# Horror & high adventure! Read 'Gods of the Sand'



## Lynn Bullman (Aug 16, 2009)

Amazon Link to Gods of the Sand







*Gods of the Sand*

Action/Adventure/Horror

In the 1920's a famous American university hired an ex-soldier turned adventurer and his men to lead them across the burning Egyptian desert to find an ancient, lost outpost. The university members expected to find rare artifacts and other important, historical items for their papers and museums...the ex-soldier and his band expected to find great treasure.

In the end they'd 'both' find what they were looking for, though perhaps not the way they had hoped to find it...

You'll find exciting high adventure and swashbuckling action in this book, along with the horror and fright of the unknown and supernatural. Throw in a small dash of romance mixed with a large cup of cold blooded treachery and this story should keep you entertained from start to finish!



Amazon Link to Gods of the Sand​


----------



## sharyn (Oct 30, 2008)

Is this a full-length novel or a short story?


----------



## crebel (Jan 15, 2009)

sharyn said:


> Is this a full-length novel or a short story?


The Product Description at the Amazon link says short story.


----------



## Lynn Bullman (Aug 16, 2009)

sharyn said:


> Is this a full-length novel or a short story?


Yes, "I" consider it a short story and thus stated that on the description page, although I've had several people comment that it is "much" to long for a normal short story. Length-wise, it has (and many others that I write) been compared to several of Louis L'Amour's "shorter" books. That's their opinion. Since I consider it a short, that's how I list it.

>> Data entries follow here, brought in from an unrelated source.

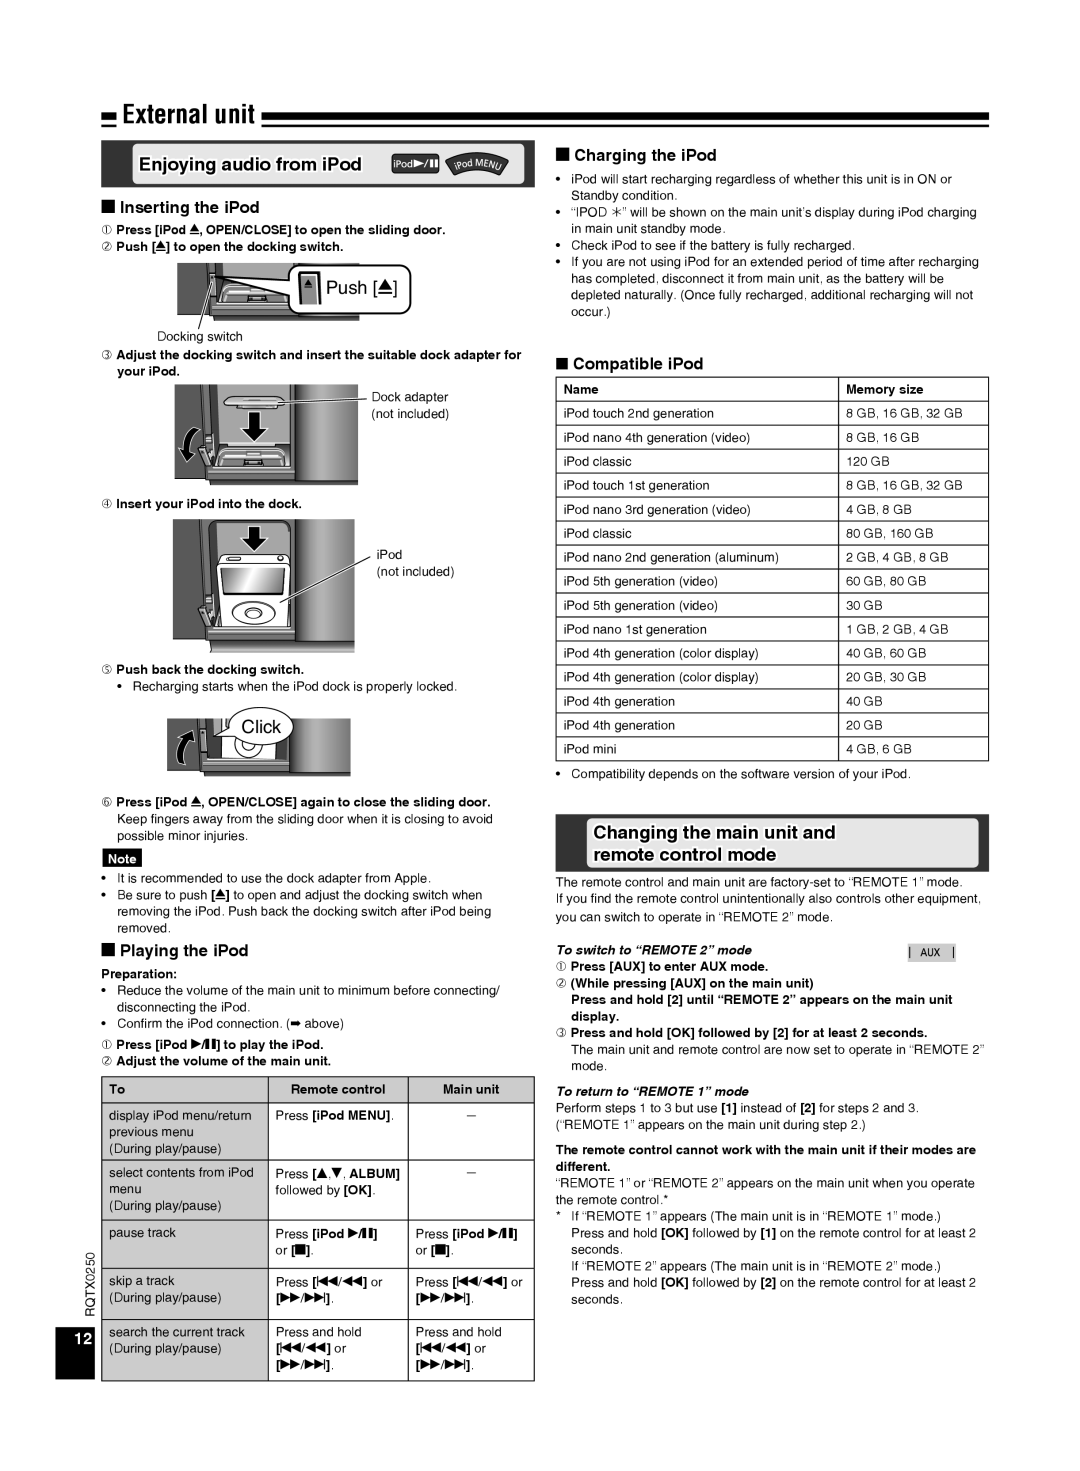 Panasonic SC-HC3 External unit, Enjoyingaudio from iPod, Push, Click, Changing the main unit and remote control mode 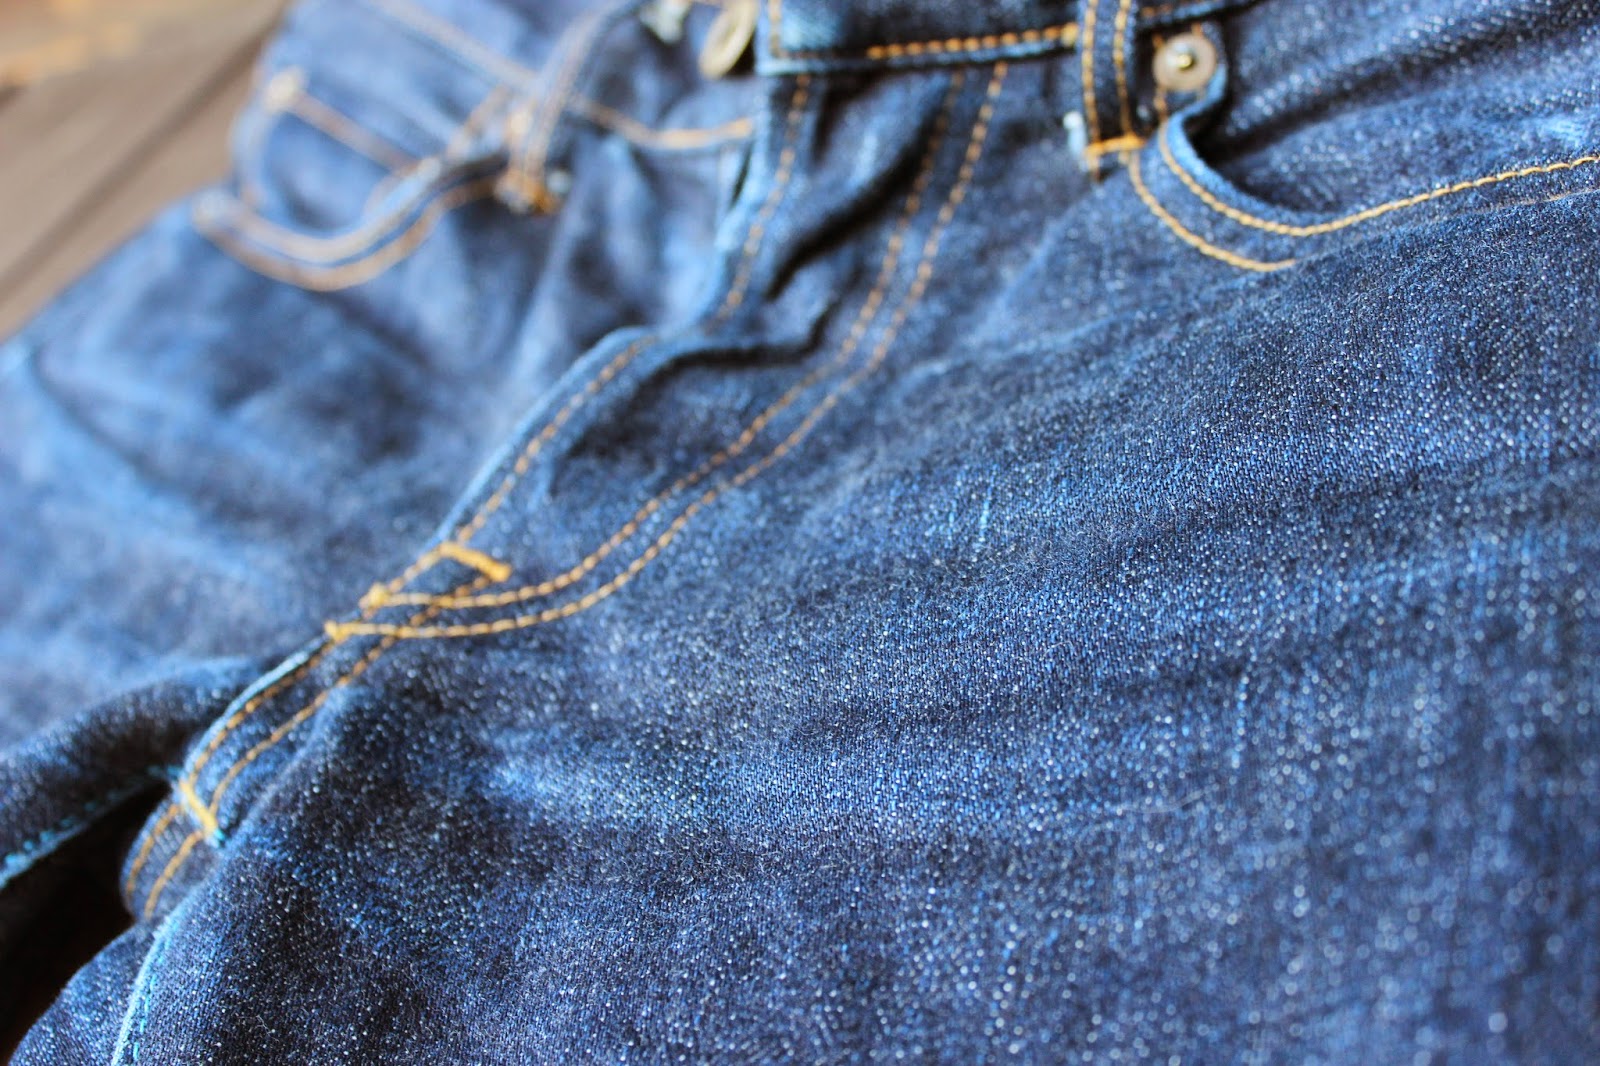 Japan Blue Jeans / ジャパンブルージーンズ: サイズ違いのジーパン穿いて色落ち比べる～1年経過～ Compare the different size jeans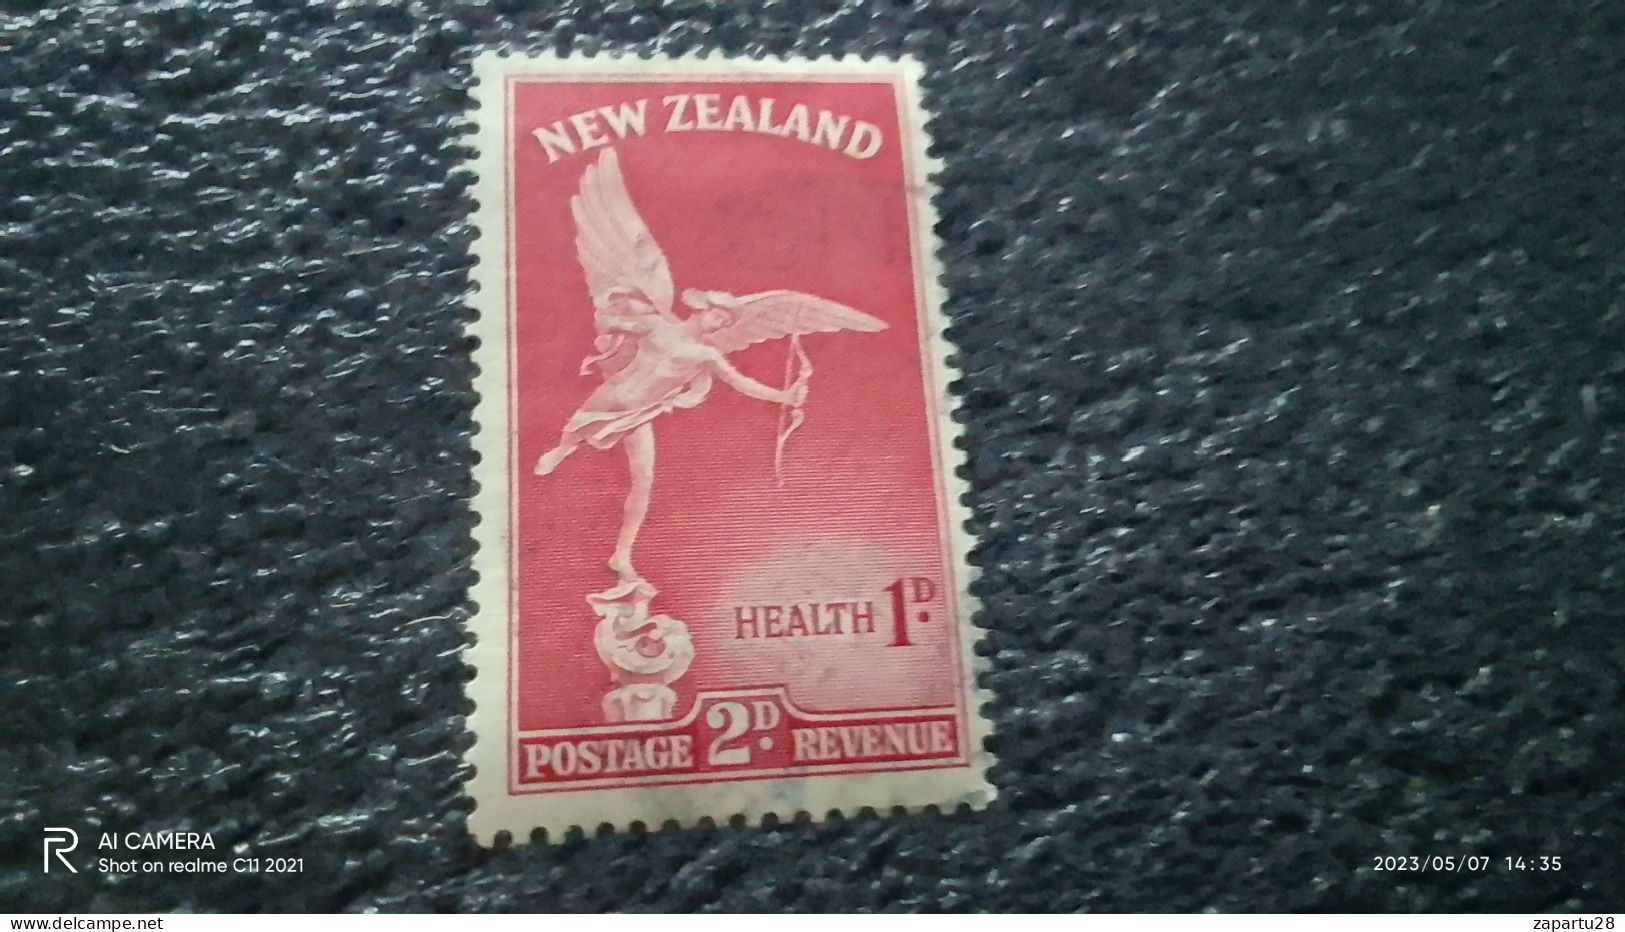 YENİ ZELANDA- 1940-50              2+1P           USED - Used Stamps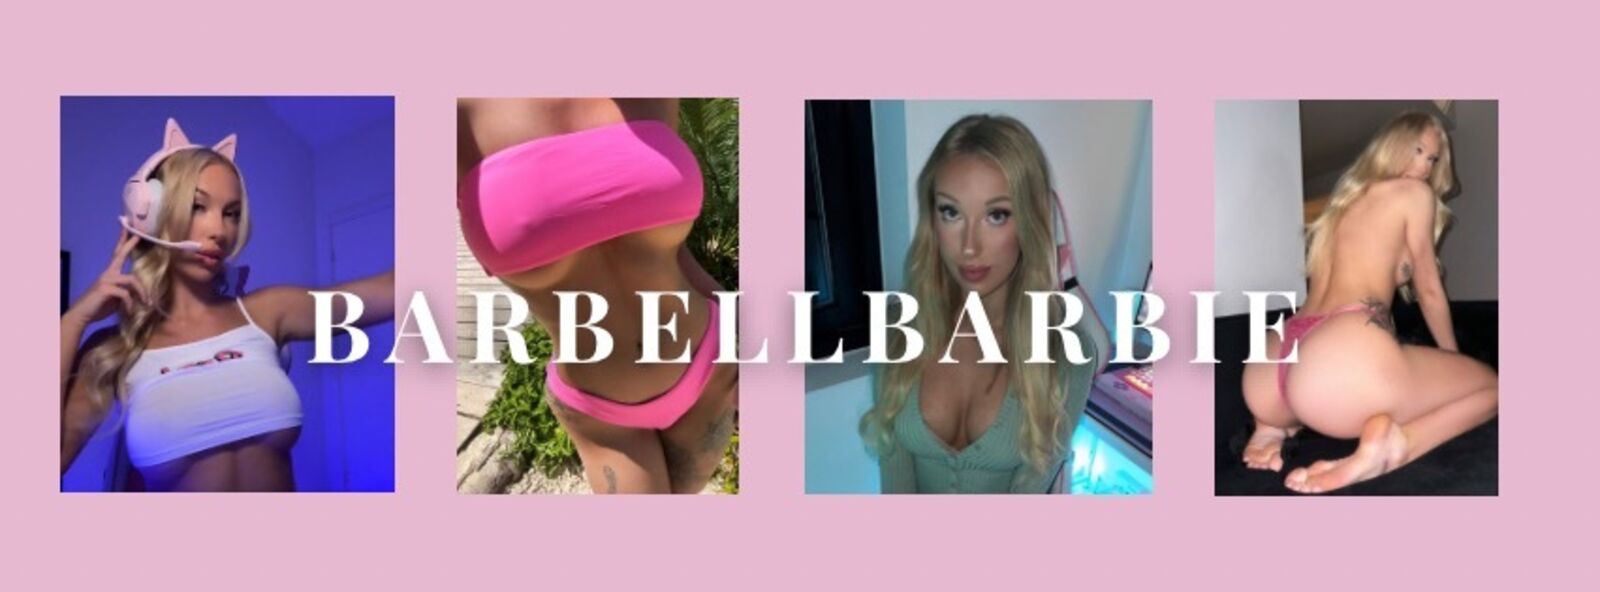 See Barbell Barbie profile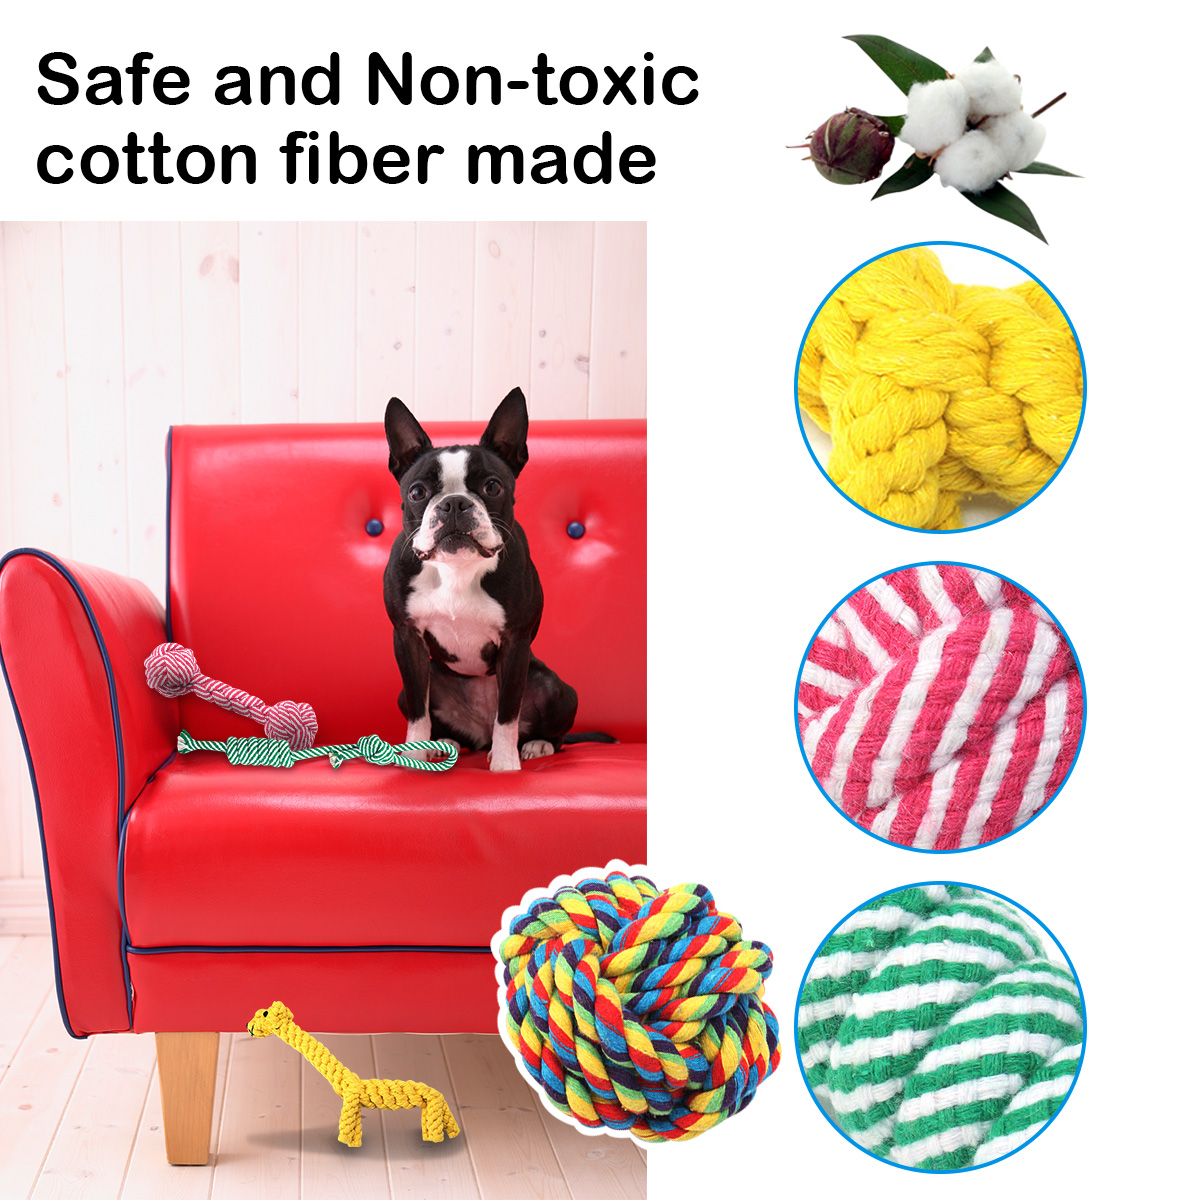 Braided-Cotton-Rope-Bone-Pet-Dog-Interactive-Toys-Dogs-Chews-Bite-Training-Cat-Puppy-Supplies-1304812-2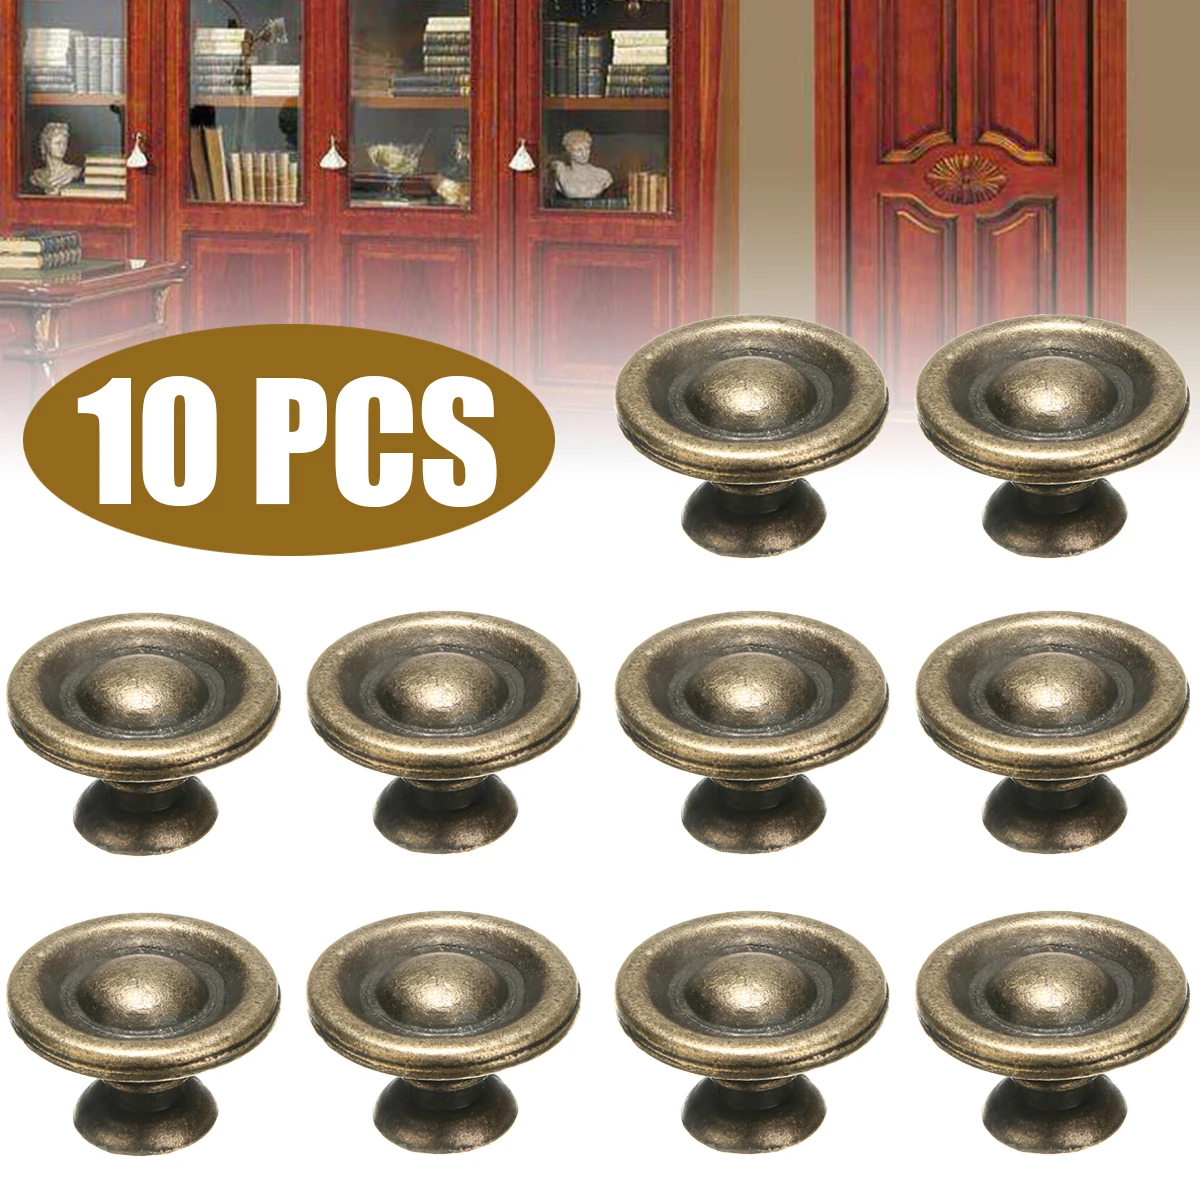 10pcs Antique Brass Furniture Knobs Handles Kitchen Bedroom Doors Cabinet Drawers Cabinet Hardware Knobs

You know...this is the first place I've been where the "length" of the story even makes any difference (or apparent difference.) For the price of a coke out of a vending machine or a giant-sized candy bar surely anywhere from .99 CENTS to 1.49 isn't a large amount for a quality, high adventure story. And certainly anyone that enjoys reading "any" story wouldn't (or shouldn't) care how long or short it is...if it's a fair and entertaining tale. That's my way of thinking anyway.

I strive to entertain with my tall tales of action and high adventure...I seldom count pages while doing so.


----------



## telracs (Jul 12, 2009)

I've been holding back from posting about the whole price/lenght issue again, but let me offer this thought.  You mention the cost of a Coke at vending machine, or a chocolate bar.  Well, in that vein, I'd rather walk across the street and get a 2 liter of Coke for 1.99 rather than spending 99 cents for 20 ounces.  So, in terms of short stories, I'll pay 7 dollars for 16 of them in one collection rather than 1.49 for a single story.  I think a lot of people would rather buy a collection of stories in one fell swoop rather than one at a time.  It just isn't really efficient to purchase singles, since there is no good way to organize things on the kindle, and each one will take up it's own line and make it seem like I have more to read than I really do.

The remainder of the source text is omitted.